PROMPT: Could you return the whole listing exactly?

BEGIN

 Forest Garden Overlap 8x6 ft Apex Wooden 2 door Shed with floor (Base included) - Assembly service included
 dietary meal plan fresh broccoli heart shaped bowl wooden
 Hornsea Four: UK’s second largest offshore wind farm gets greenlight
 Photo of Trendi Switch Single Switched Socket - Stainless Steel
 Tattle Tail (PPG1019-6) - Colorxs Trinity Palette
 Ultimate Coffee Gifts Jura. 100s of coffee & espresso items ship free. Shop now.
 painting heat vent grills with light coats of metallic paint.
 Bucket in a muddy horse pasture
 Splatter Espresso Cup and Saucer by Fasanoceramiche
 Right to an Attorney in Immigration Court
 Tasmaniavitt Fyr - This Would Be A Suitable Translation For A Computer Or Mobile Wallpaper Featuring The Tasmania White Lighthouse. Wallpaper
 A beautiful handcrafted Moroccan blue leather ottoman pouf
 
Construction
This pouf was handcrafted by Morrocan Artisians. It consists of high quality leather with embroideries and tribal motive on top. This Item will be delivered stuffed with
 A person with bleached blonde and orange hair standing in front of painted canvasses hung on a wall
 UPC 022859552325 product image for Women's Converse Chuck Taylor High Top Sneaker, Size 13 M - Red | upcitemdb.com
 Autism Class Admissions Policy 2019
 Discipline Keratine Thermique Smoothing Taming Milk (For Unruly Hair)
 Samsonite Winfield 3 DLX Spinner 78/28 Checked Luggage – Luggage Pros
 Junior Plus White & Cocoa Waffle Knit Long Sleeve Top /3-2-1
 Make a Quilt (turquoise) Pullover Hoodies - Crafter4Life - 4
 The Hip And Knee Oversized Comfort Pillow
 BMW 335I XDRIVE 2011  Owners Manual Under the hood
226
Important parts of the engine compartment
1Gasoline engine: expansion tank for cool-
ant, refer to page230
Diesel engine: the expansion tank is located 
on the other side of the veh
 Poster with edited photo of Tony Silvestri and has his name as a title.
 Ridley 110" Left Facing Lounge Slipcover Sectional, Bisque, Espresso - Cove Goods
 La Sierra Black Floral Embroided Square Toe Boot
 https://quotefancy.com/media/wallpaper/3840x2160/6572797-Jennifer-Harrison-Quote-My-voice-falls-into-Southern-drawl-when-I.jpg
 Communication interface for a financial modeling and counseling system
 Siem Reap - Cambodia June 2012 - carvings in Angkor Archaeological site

END

WRITTEN REPLY:
 Forest Garden Overlap 8x6 ft Apex Wooden 2 door Shed with floor (Base included) - Assembly service included
 dietary meal plan fresh broccoli heart shaped bowl wooden
 Hornsea Four: UK’s second largest offshore wind farm gets greenlight
 Photo of Trendi Switch Single Switched Socket - Stainless Steel
 Tattle Tail (PPG1019-6) - Colorxs Trinity Palette
 Ultimate Coffee Gifts Jura. 100s of coffee & espresso items ship free. Shop now.
 painting heat vent grills with light coats of metallic paint.
 Bucket in a muddy horse pasture
 Splatter Espresso Cup and Saucer by Fasanoceramiche
 Right to an Attorney in Immigration Court
 Tasmaniavitt Fyr - This Would Be A Suitable Translation For A Computer Or Mobile Wallpaper Featuring The Tasmania White Lighthouse. Wallpaper
 A beautiful handcrafted Moroccan blue leather ottoman pouf
 
Construction
This pouf was handcrafted by Morrocan Artisians. It consists of high quality leather with embroideries and tribal motive on top. This Item will be delivered stuffed with
 A person with bleached blonde and orange hair standing in front of painted canvasses hung on a wall
 UPC 022859552325 product image for Women's Converse Chuck Taylor High Top Sneaker, Size 13 M - Red | upcitemdb.com
 Autism Class Admissions Policy 2019
 Discipline Keratine Thermique Smoothing Taming Milk (For Unruly Hair)
 Samsonite Winfield 3 DLX Spinner 78/28 Checked Luggage – Luggage Pros
 Junior Plus White & Cocoa Waffle Knit Long Sleeve Top /3-2-1
 Make a Quilt (turquoise) Pullover Hoodies - Crafter4Life - 4
 The Hip And Knee Oversized Comfort Pillow
 BMW 335I XDRIVE 2011  Owners Manual Under the hood
226
Important parts of the engine compartment
1Gasoline engine: expansion tank for cool-
ant, refer to page230
Diesel engine: the expansion tank is located 
on the other side of the veh
 Poster with edited photo of Tony Silvestri and has his name as a title.
 Ridley 110" Left Facing Lounge Slipcover Sectional, Bisque, Espresso - Cove Goods
 La Sierra Black Floral Embroided Square Toe Boot
 https://quotefancy.com/media/wallpaper/3840x2160/6572797-Jennifer-Harrison-Quote-My-voice-falls-into-Southern-drawl-when-I.jpg
 Communication interface for a financial modeling and counseling system
 Siem Reap - Cambodia June 2012 - carvings in Angkor Archaeological site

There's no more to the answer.